The satires which drew their inspiration, such as it was, from Dryden, Oldham and Marvell, were, for the most part, written in the heroic couplet, although a Hudibrastic metre appears now and again, and there are some semi-lyric exceptions hard to classify. By their nature, they were almost all published anonymously, and the veil was seldom raised later, even when the bulk of them were reprinted in such collections as the various volumes entitled Poems on Affairs of State. When an author’s name was affixed by the transcribers, it was, very possibly, apocryphal. Some poems written subsequently to Marvell’s death were put down to him, and, on principle, Rochester was debited with the most obscene. Then, certain names are furnished by the publishers of Poems on Affairs of State on the title-pages of that collection. We are told that the duke of Buckingham, lord Buckhurst (later, earl of Dorset), Sir Fleetwood Sheppard, Sprat, Drake, Gould, Brady and Shadwell were responsible for some of the contents; but the attribution of the individual pieces is rarely given; nor do the authors’ names, of inferior importance as they mostly are, give many clues in the way of style. In fact, the greater number of the regular satires might be ascribed to two authors—distinguishable from each other as writing, the one reasonably well, and the other very badly. Dryden is imitated almost invariably in the metre, Oldham frequently, and Marvell not seldom in the contents, and there is little else left by which to judge. A single type is dominant.

A better classification than that by authors is provided in these poems by their method of treatment and their themes. There were employed in them a restricted number of hackneyed forms which were often fixed by the more important poets. Cleiveland had invented the railing character of a political opponent. Denham and Marvell had brought in the vogue of a satiric rimed chronicle, and to Marvell is due the variation of a visionary dialogue. Oldham revived the related ghostly monologue, the satiric last will, and direct general invective. Dryden was the author of a kind of epic, derived from the satiric chronicle, but no longer dependent on the news of the day, and presenting its invective in the form of characters drawn with consummate ability. By the imitators of these writers, the dominant forms of satire enumerated were adopted in a more or less slavish manner together with other genres, and it is not difficult to select examples from the best defined groups.

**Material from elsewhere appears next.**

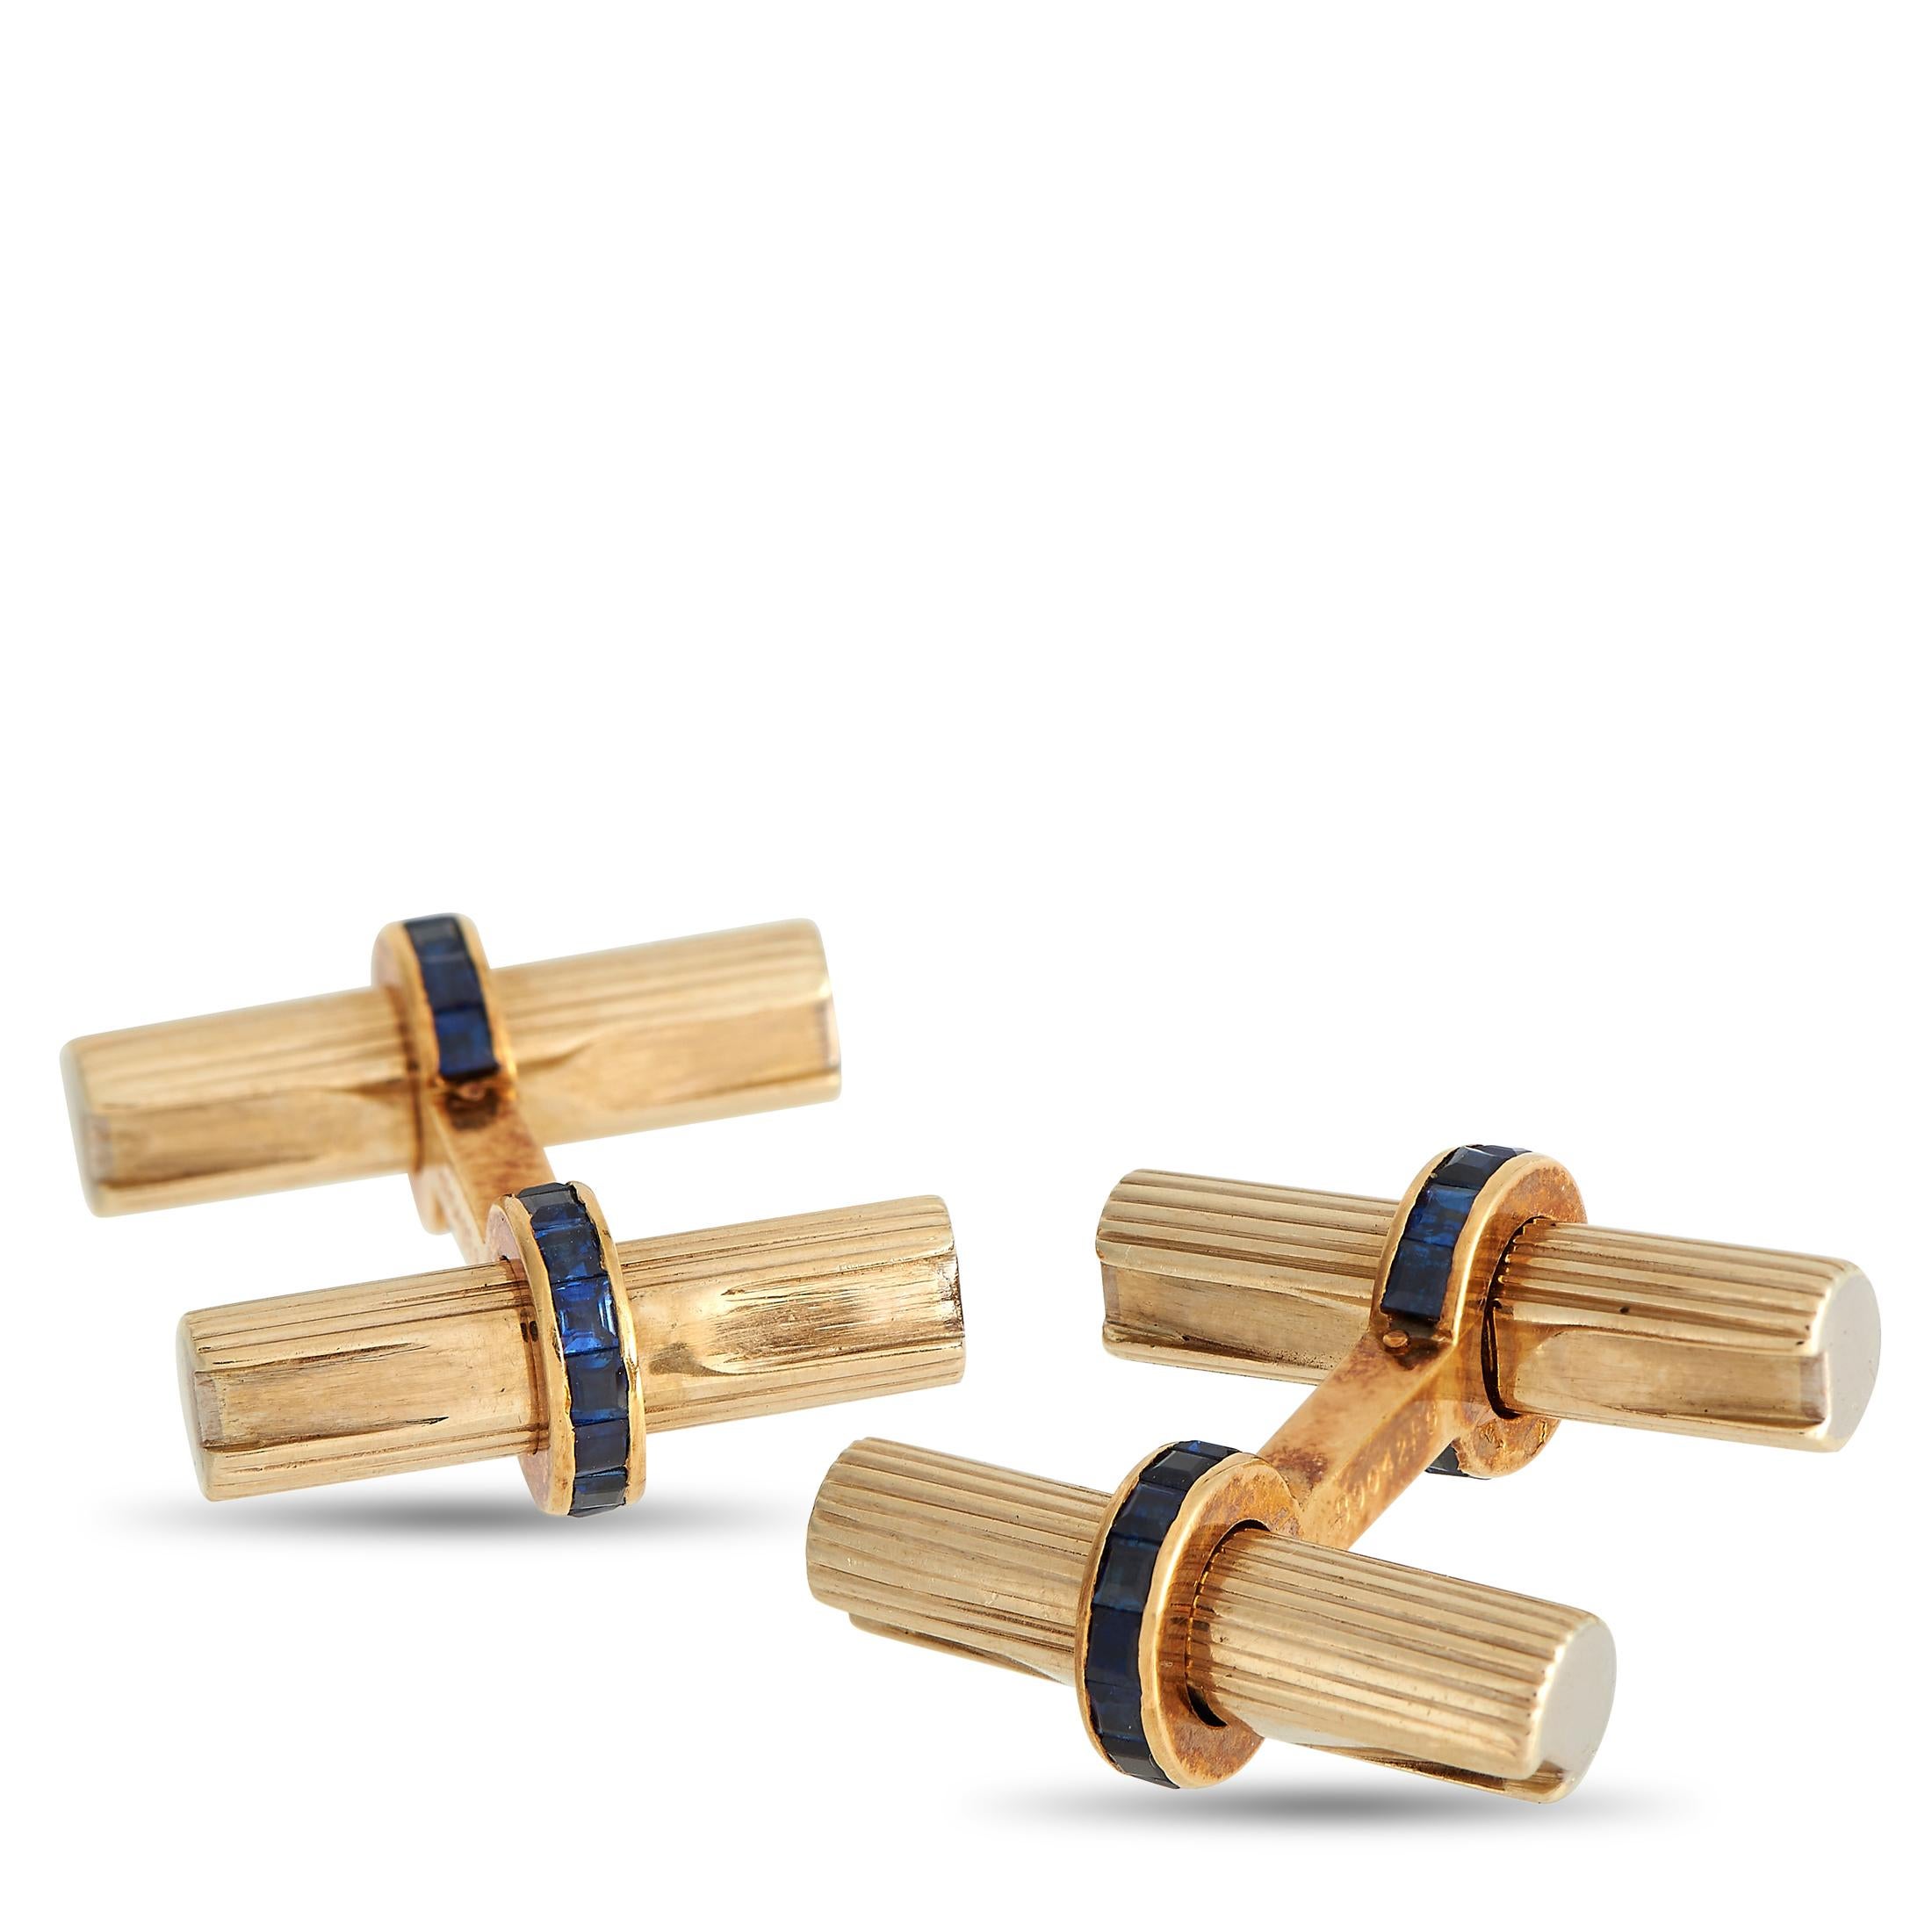 Here is a pair of 18K yellow gold VCA cufflinks to elevate your outfit and express your refined taste. The cufflinks come with a fluted baton design, complemented by hoop terminals with channel-set blue sapphires. Each cufflink measures 0.75 by

There were written during the period over twenty Advices to a Painter or poems with kindred themes. For instance, one New Advice, written in 1679, contains a grim attack on the whigs and nonconformists after archbishop Sharp’s murder. It has no mean dramatic power, and is in strong contrast to the historic and argumentative Good Old Cause Revived of a few months later. Nor did the trick tire till the close of the century. A nobler form, that of Biblical narrative, also had its misusers. Pordage, a by-word for Grub-street poverty, wrote the tame, but not abusive, Azaria and Hushai, in 1682, while Settle, in his Absalom Senior, a mere echo of Dryden, among much nonsense has, here and there, good lines, such as:

  • To what strange rage is Superstition driven,
  • That Man can outdo Hell to fight for Heaven.
  • Brady produced an obscene Giant’s War about the same time, and the change to a classical subject is also seen in Tarquin and Tullia, a bitter Jacobite attack on William III and his queen.